Imbolc è festa celtica. E, per tradizione, in Irlanda, veniva considerata l’inizio di Primavera. Perché, anche se il gelo è ancora intenso, le giornate sono ormai sensibilmente più lunghe. E il cielo sempre più terso e limpido. E i gaeli la chiamavano anche Oilmec. La festa del latte. Perché legata alla stagione in cui nascevano agnelli e capretti. E l’abbondanza di latte, burro, formaggi permetteva di superare la coda dell’inverno, quando ormai le provviste, stipate ad autunno, erano prossime ad esaurirsi.
Ma Imbolc, o Oilmec, cela anche un riferimento al grembo materno. Al ventre gravido della Madre Terra, dalla cui oscurità sorge la vita. E la Dea invocata nei riti sacrificali era Brigit. La luminosa. Madre e Vergine insieme. Che, certo, nel periodo più antico avrà richiesto sacrifici cruenti. Anche umani, probabilmente. Ma che soprattutto gradiva celebrazioni di tipo orgiastico. Canti, musica, bevande, birra e idromele soprattutto. Danze sfrenate ed estatiche. E, naturalmente, anche eros senza freni né tabù moralistici. Perché in questi rituali non vigeva una qualche, comune, morale. E tuttavia non vi era alcunché di…trasgressivo. Non nel senso, volgare e tutto sommato banale, squallido, che oggi diamo al termine. L’eros, anche sfrenato, l’orgia rituale alla luce della Luna, aveva la funzione di invocare ed evocare la potenza della Dea. E la vita.

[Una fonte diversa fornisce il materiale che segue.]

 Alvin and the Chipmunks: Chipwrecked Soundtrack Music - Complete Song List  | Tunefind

Non di solleticare, e/o appagare, le pulsioni represse dei partecipanti.
I cristiani d’Irlanda sovrapposero alla antica Dea, Santa Brigida di Kildare. Che è figura storica, vissuta tra V e VI secolo. Venerata come patrona al fianco di San Patrizio. Ma totalmente ammantata da un alone di leggenda. Di fiaba se vogliamo. Come nel miracolo in cui da una piccola botte avrebbe fatto spillare “un lago di birra” onde dissetare tutta la corte del Re. O come nel racconto della sua generosità con i poveri, cui, sin da bambina, donava copiosamente latte, burro e formaggio. Suscitando la collera di suo padre, un capo clan pagano. Che, sul letto di morte, lei avrebbe convertiti con la sua, particolarissima, croce. Verde, e a forma di ruota solare.
Narrazioni simboliche ovviamente. Come simbolico è stato porre la sua morte, e quindi la sua festa, proprio al 1 Febbraio. Imbolc.

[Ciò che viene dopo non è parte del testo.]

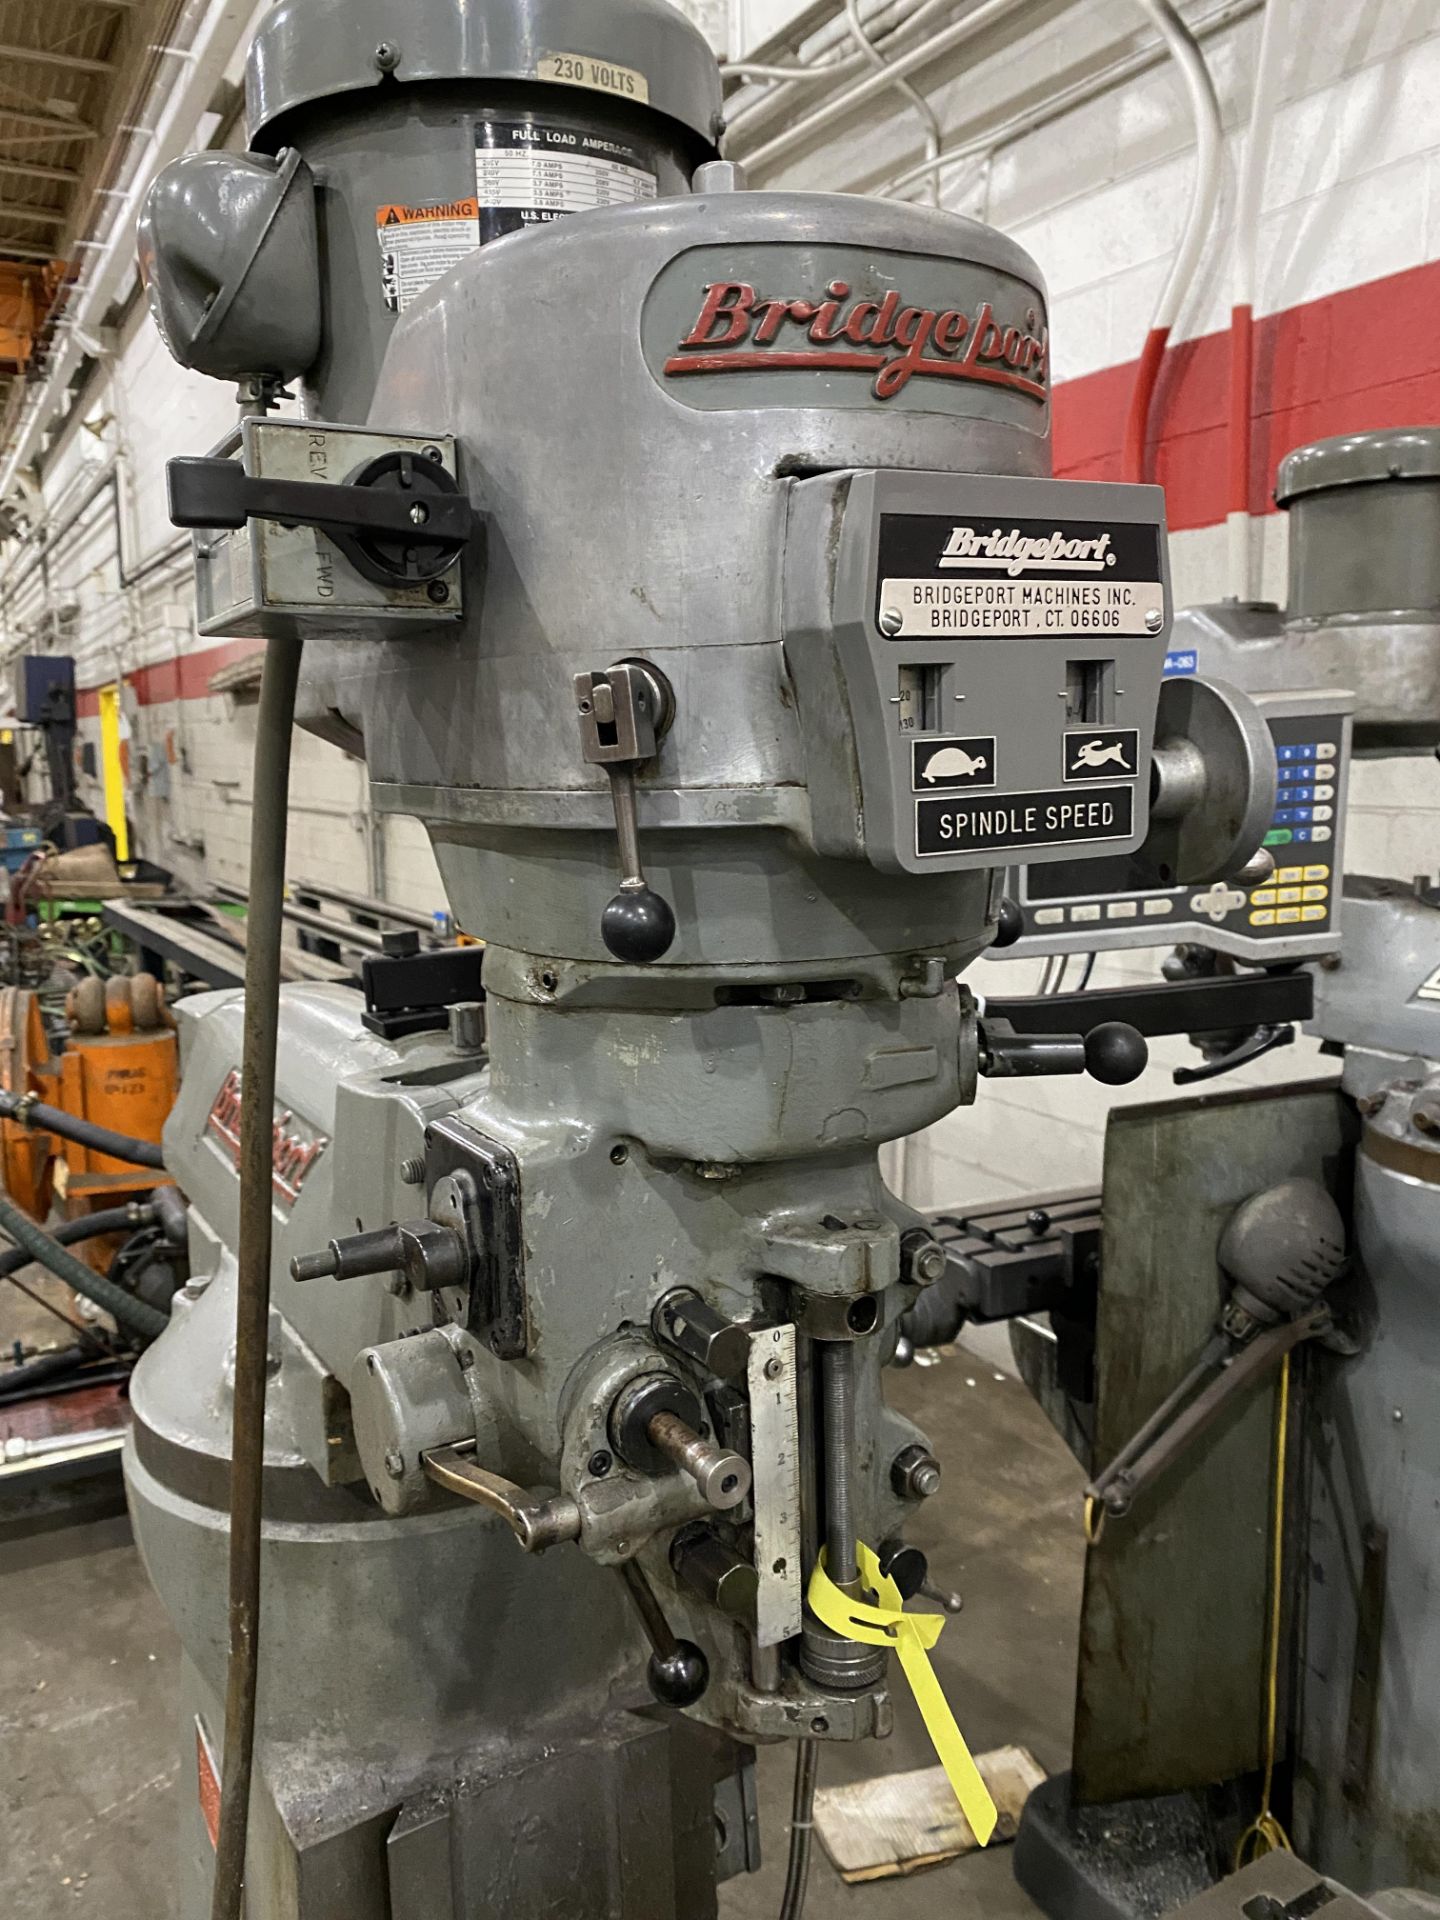 Bridgeport Series I Vertical Mill, 9" x 48", Variable Speed w/DRO - Image 10 of 10

E nella notte fra l’1 e il 2 febbraio è ancora uso, nelle campagne d’Irlanda, porre sulla finestra una candela accesa. Cosa che ricorda la nostra tradizione della Candelora. E non per caso Santa Brigida viene anche chiamata la Maria, o la Madre d’Irlanda.

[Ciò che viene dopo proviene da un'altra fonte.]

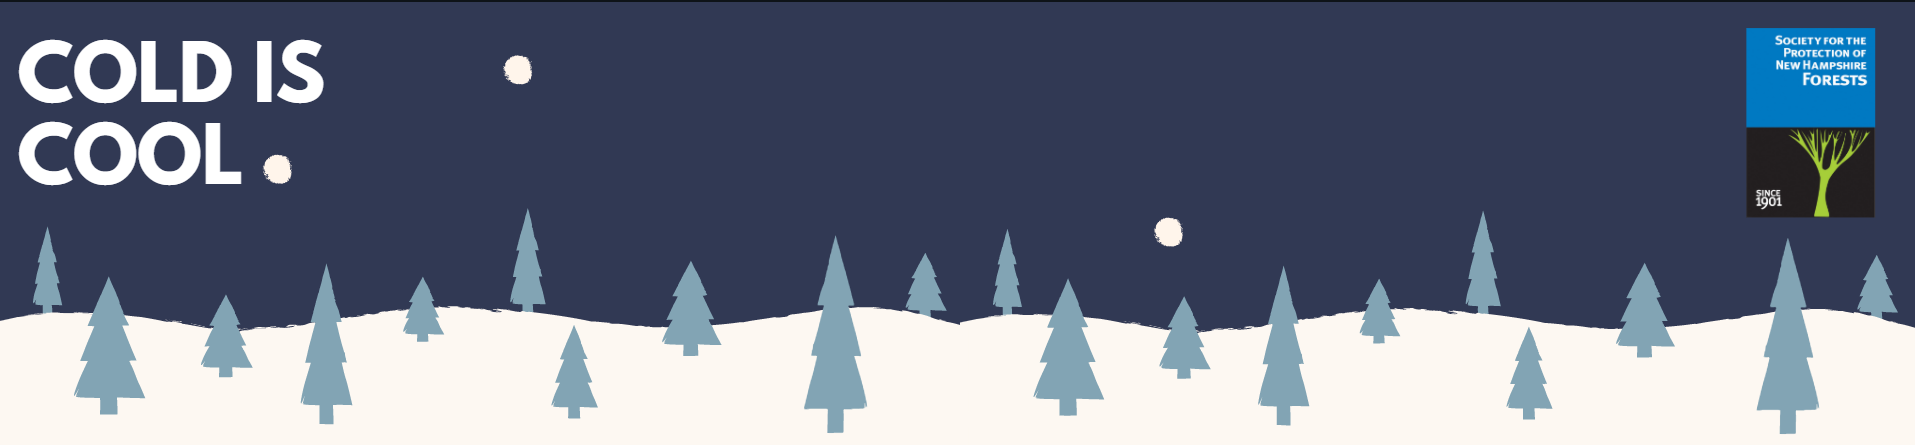 A graphic of a night sky over snow-covered trees that says Cold is Cool.

Il suo culto si è diffuso, poi, in gran parte d’Europa con la predicazione e l’opera dei monaci irlandesi, della Stirpe di Colomba e Colombano. Francia, Belgio e anche in Italia, portato da San Donato, anche lui un gaelo, in tutta la Pianura Padana. Terre, comunque, celtiche. Terre ove il culto dell’antica Brigit, la festa di Imbolc, aveva profonde e salde radici.
Ho acceso una candela stanotte. E l’ho posta sul davanzale, al riparo dal vento. Brigit è la fiamma. Brigit è il fuoco e la passione. È il risveglio della Natura e il trionfo della vita.
È anche la poesia. La Dea che veniva invocata dai Filid e dai Baird, gli antichi druidi cantori, perché donasse loro l’ispirazione. La grande poesia dell’Irlanda antica, che rivaleggia in ricchezza e bellezza persino con la lirica greca arcaica,viene da lì. Da Brigit. Da Imbolc.